DATA EXTRACT -
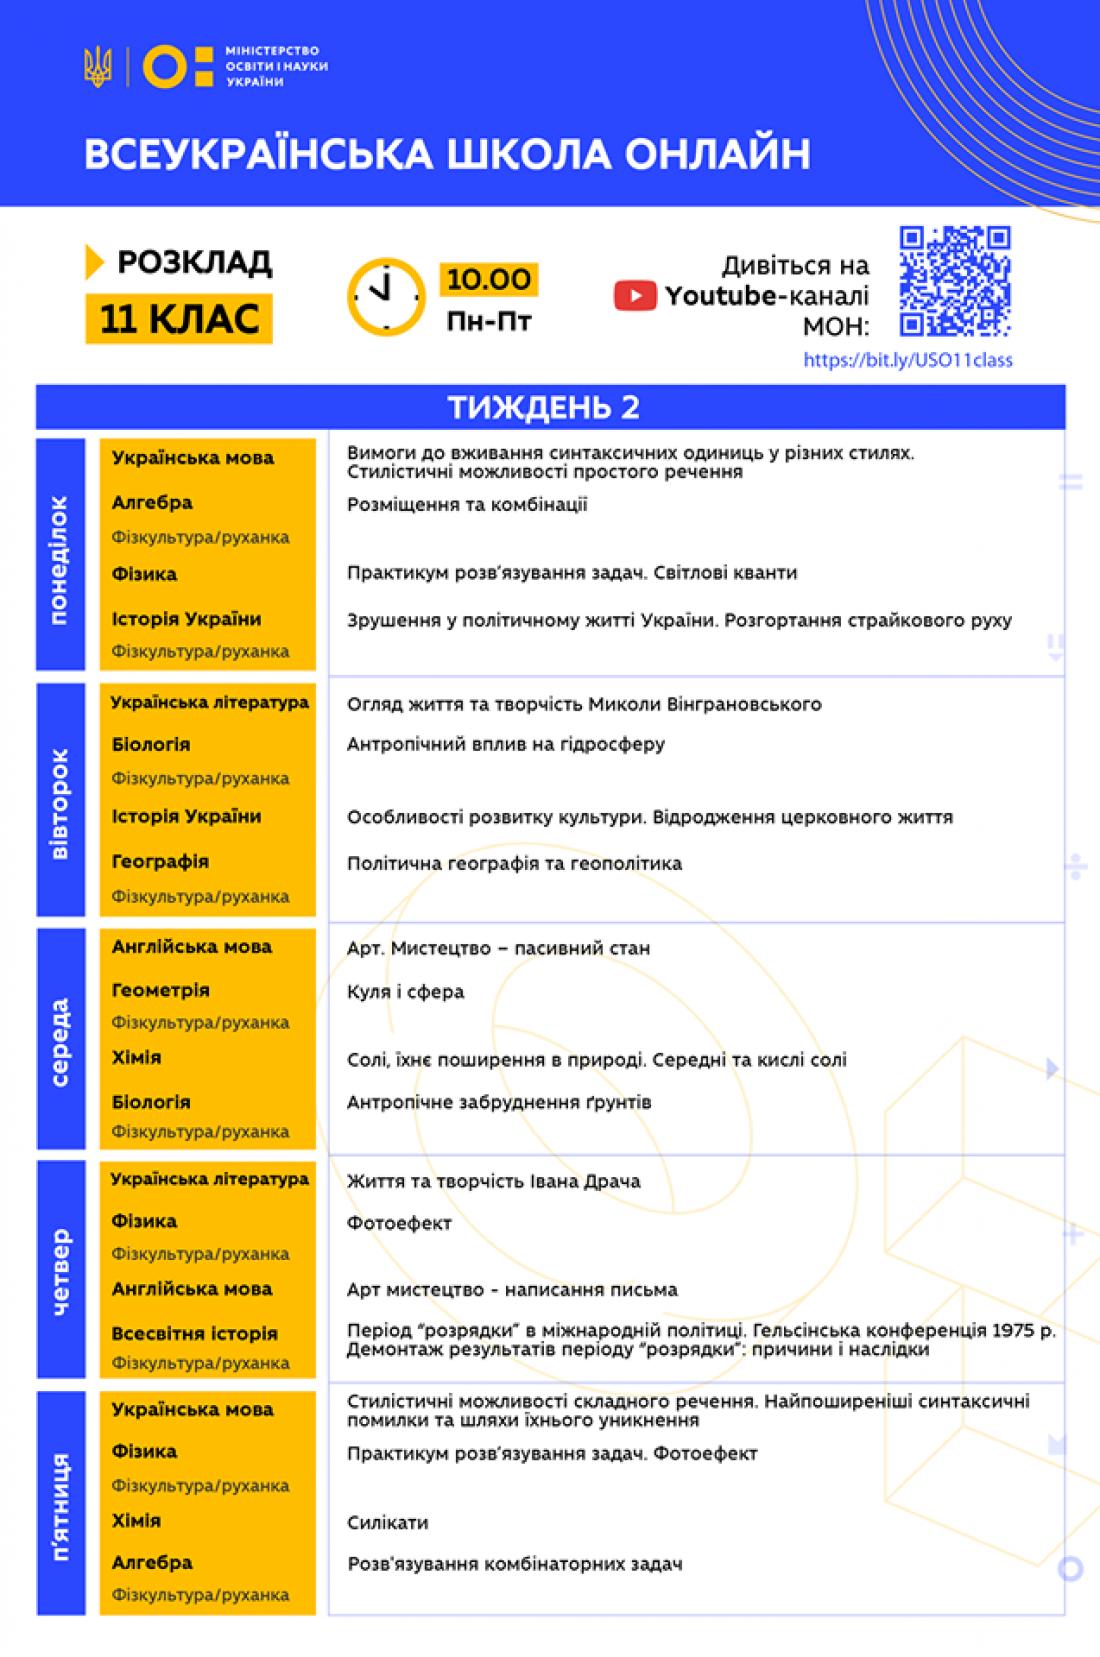 Всеукраинская школа онлайн: Расписание для 11 класса
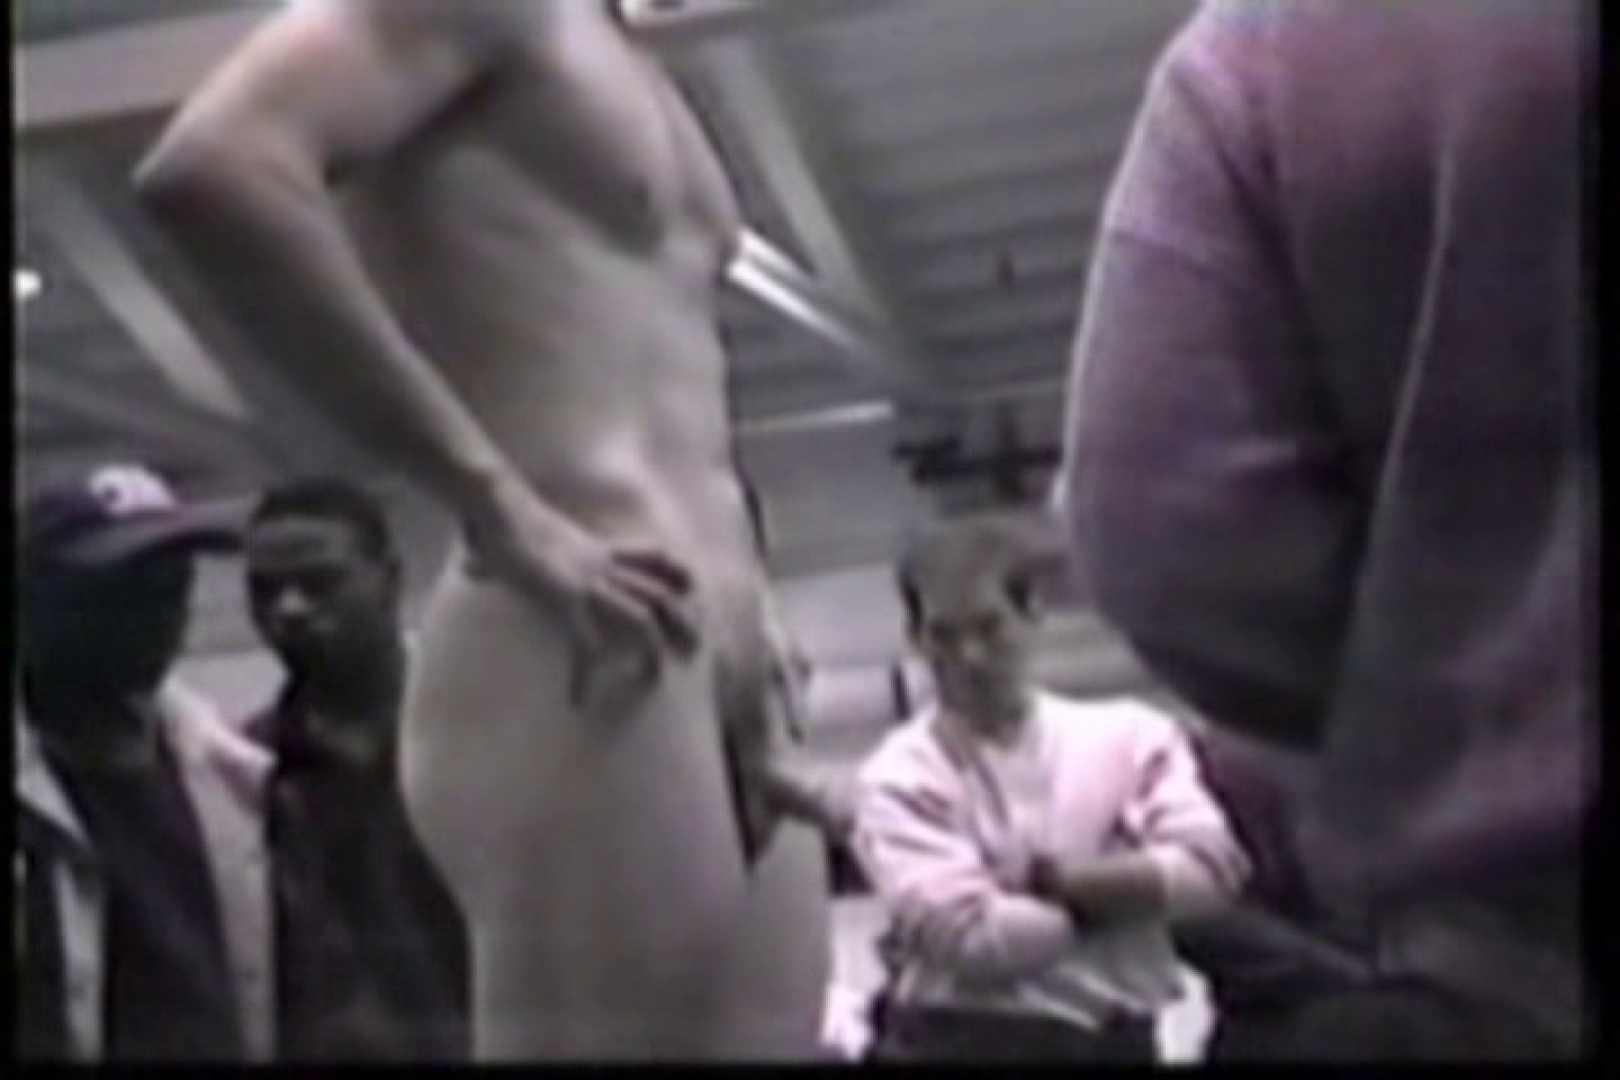 洋人さんの脱衣所を覗いてみました。VOL.8 ガチムチマッチョ系男子  62枚 56
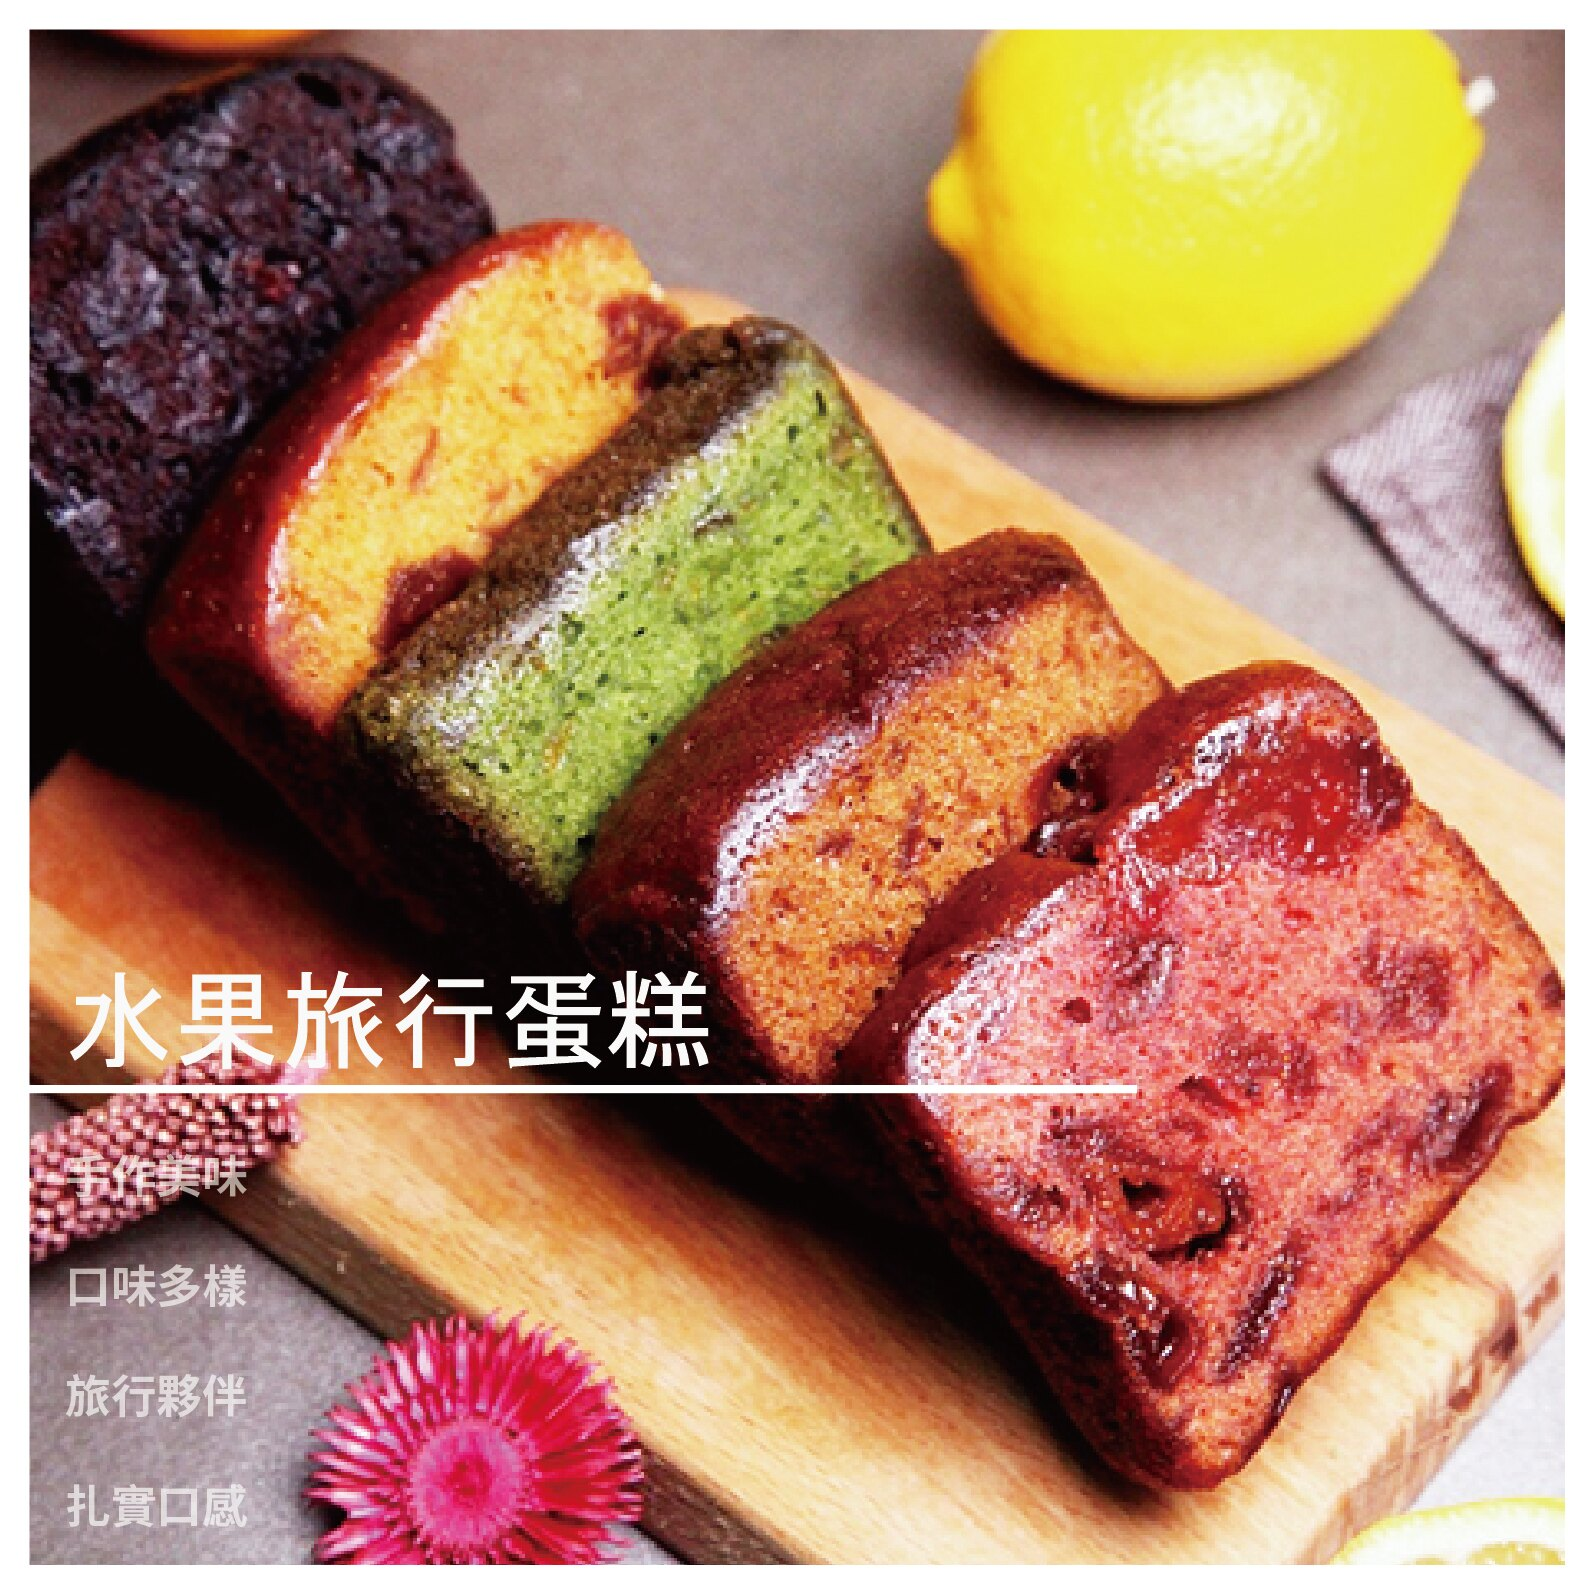 【栗卡朵洋菓子工坊】水果旅行蛋糕手提禮盒8入

EXERCISE BRIEF - Everything in the listing above, apart from its pictures, must be repeated exactly.

YOUR SOLUTION -
 Всеукраинская школа онлайн: Расписание для 11 класса
 洋人さんの脱衣所を覗いてみました。VOL.8 ガチムチマッチョ系男子  62枚 56
 【栗卡朵洋菓子工坊】水果旅行蛋糕手提禮盒8入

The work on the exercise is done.